I just wish there were a customization setting to specify whether the link should appear relative or absolute.

So all I did was change org-attach-expand after all:

(defun jwow/org-attach-expand (file)
  "Return an expanded relative file path for a FILE where
  links look like [[attachment:FILE]], relative to the org file
The return string may start with data/0a/39..."
  (let* ((attachment-abs-path (expand-file-name file (org-attach-dir)))
         (org-file (buffer-file-name
                    (org-element-property :buffer (org-element-context))))
         (org-file-dir (file-name-directory org-file)))
    (file-relative-name attachment-abs-path org-file-dir)))

Season to taste.

One great thing is that C-c C-o remains functional. This way, all exporters that already handle file links should continue working with your relative path.

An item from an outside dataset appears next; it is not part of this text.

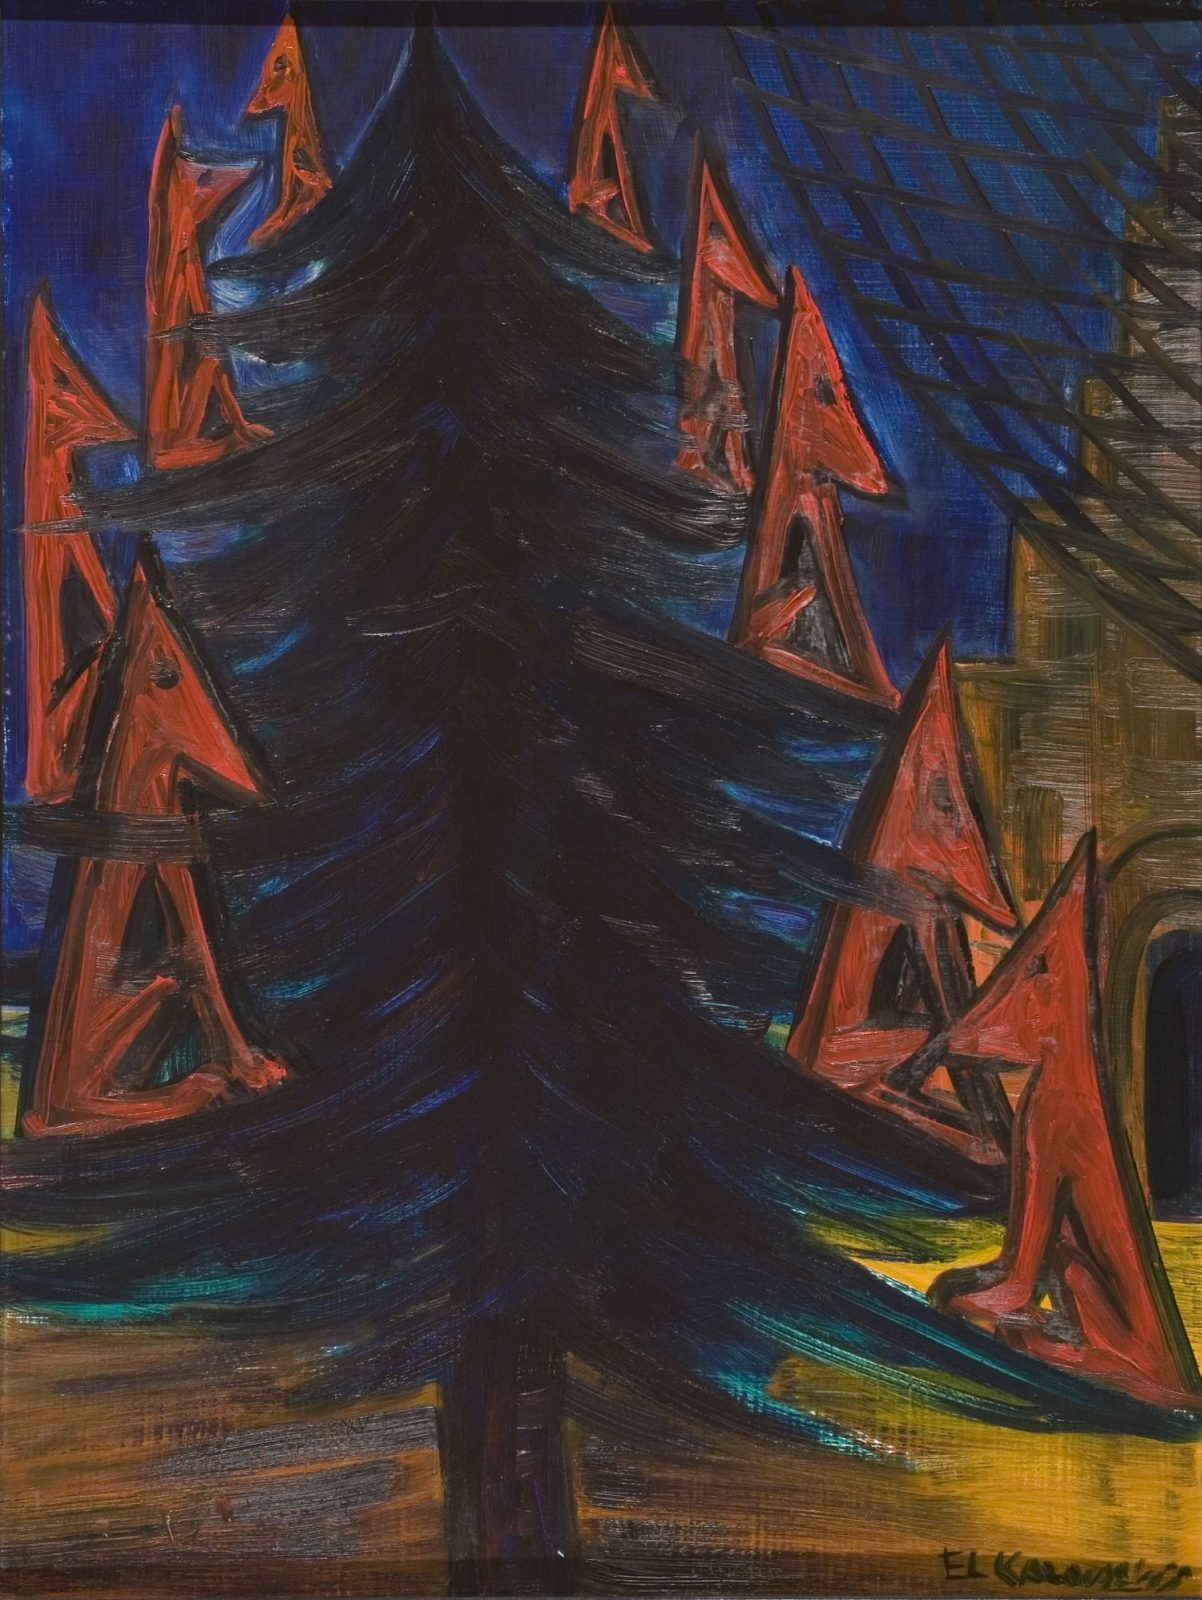 El Kazovszkij: Nine Wolves on the Christmas Tree

UPDATE 2025-01-07: I've realized that this breaks org-display-inline-images, so be careful about that1. The other options we discussed, like an export filter, would still work.

It works!   ATTACH

If it works here's an image of this section before I added this sentence: clipboard-20241230T053742.png

I haven't tested this extensively, but it seems to work for now.

Explore more

Lastly, if you like what I'm doing, please consider sponsoring me.


1

Which is odd in terms of its design, because org-display-inline-images has a check

(and file (file-exists-p file))

after the variable file is bound. And relatives paths pass the file-exists-p check.